Take a look at the "look" of the currently existing user interfaces and the planned future. No written description can really describe the "feel" and "ease of use" of the single interfaces but it might underline some basic concepts.We have listed the most important innovations which have been implemented in a each of the different UIs. Follow the links to get some more detailed descriptions.

Rhapsody's user interface will combine elements from both the Mac OS and NEXTSTEP, but will be closer in look and feel to the Mac OS Finder. We realize that customers need a consistent interface in the two operating systems to deploy them throughout a single organization. It's important for training and ease of use. One of the advantages of NeXT's technology is the easy support of multiple user interface paradigms.

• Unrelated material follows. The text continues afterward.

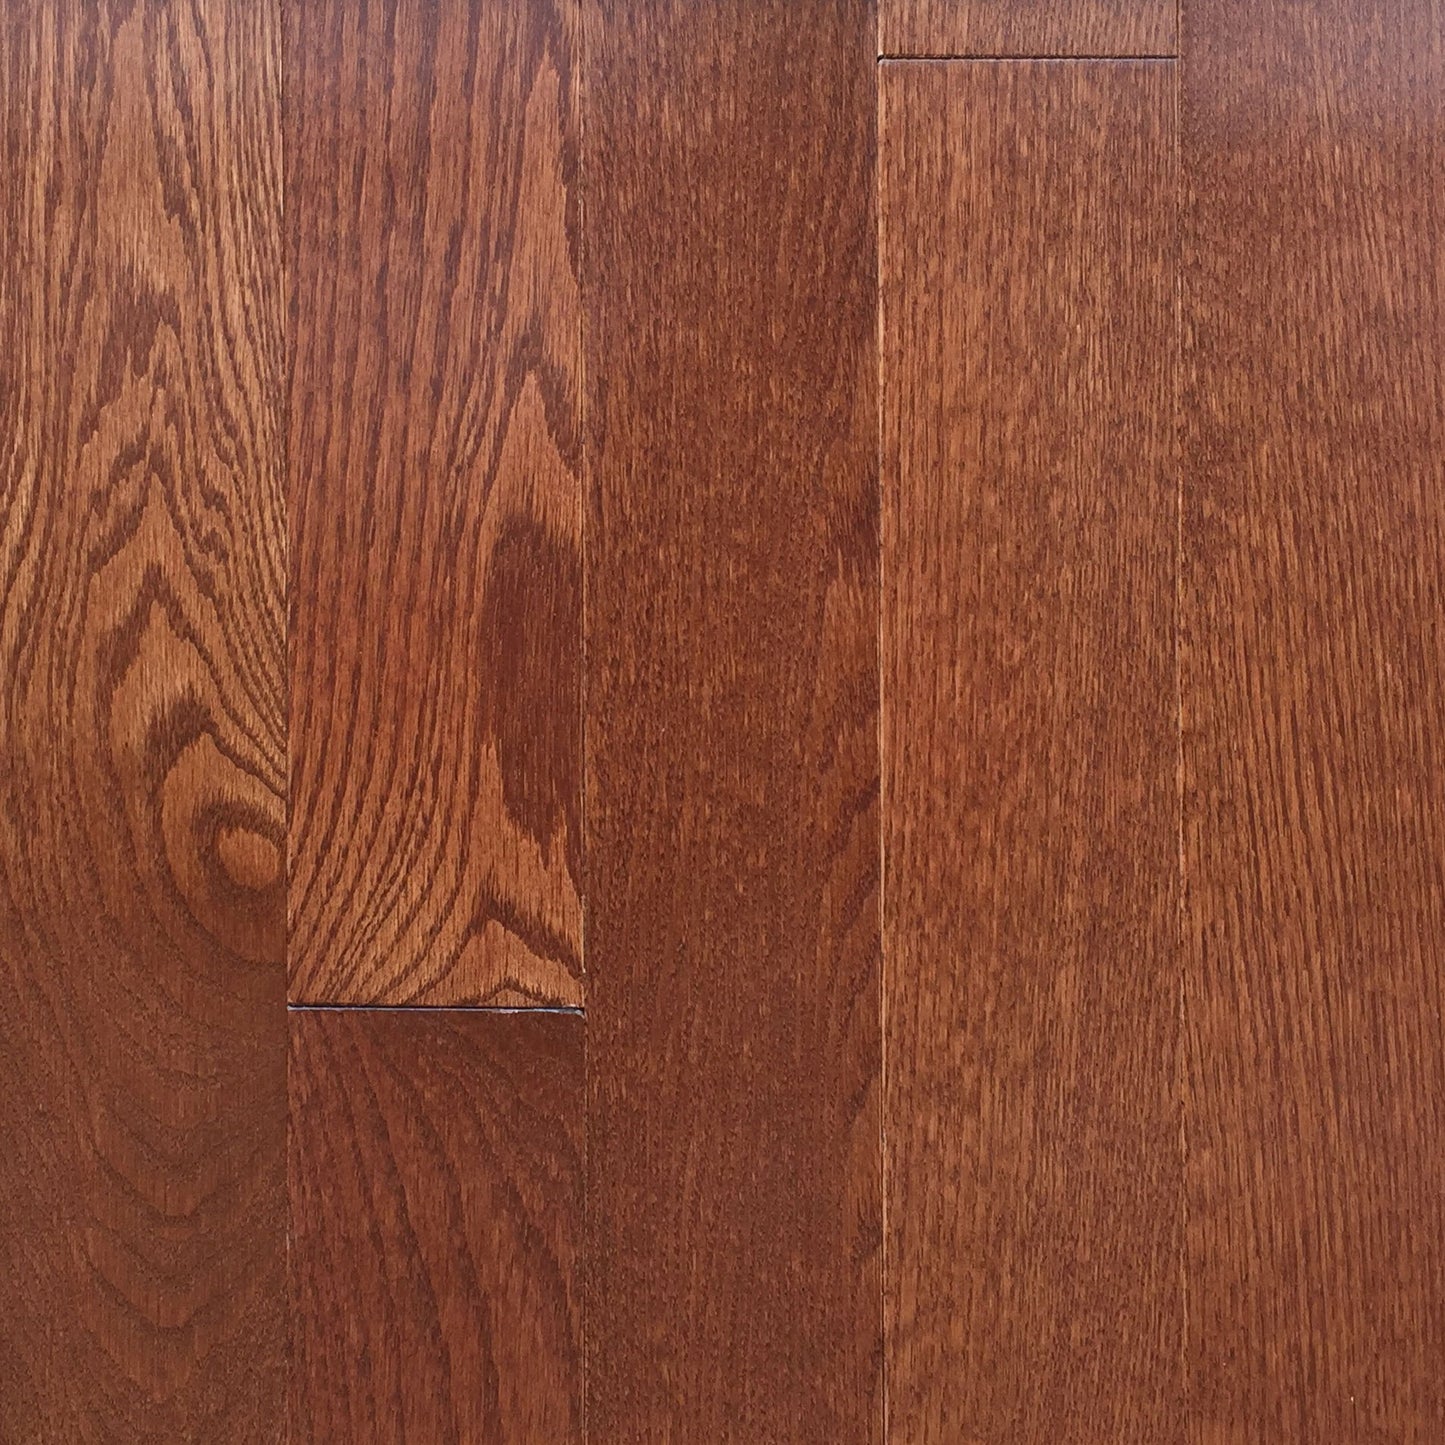 Hardwood Planet Red Oak Collection Wire Brushed Select & Better Crown Saddle Hardwood Flooring

This was the official description of the new UI back in the days of Rhapsody. With the unified Mac OS X strategy things have changed a little bit. Some features will be radically different but they will be either easy to understand or they will get introduced step by step. The Finder is an example for these "creeping changes". Since the Mac OS X Finder is a Carbon application it can be shipped with a future version of the traditional Mac OS (9.5 ?), giving the users time to learn its new features even before moving to OS X.

However, before we get into all the details, we need to give a brief overview of the different UI concepts and issues so that it will be easier to understand how they affected Aqua ... "Aqua, an interface so liquid you want to lick it".

Apple System 7.x NeXT OPENSTEP Mac OS X Server
Mac OS (Classic)

MacOS Desktop

The first commercial GUI; Desktop to drop icons and aliases; Global Menubar on the top; Windows, floating windows and modal panels; Application centered.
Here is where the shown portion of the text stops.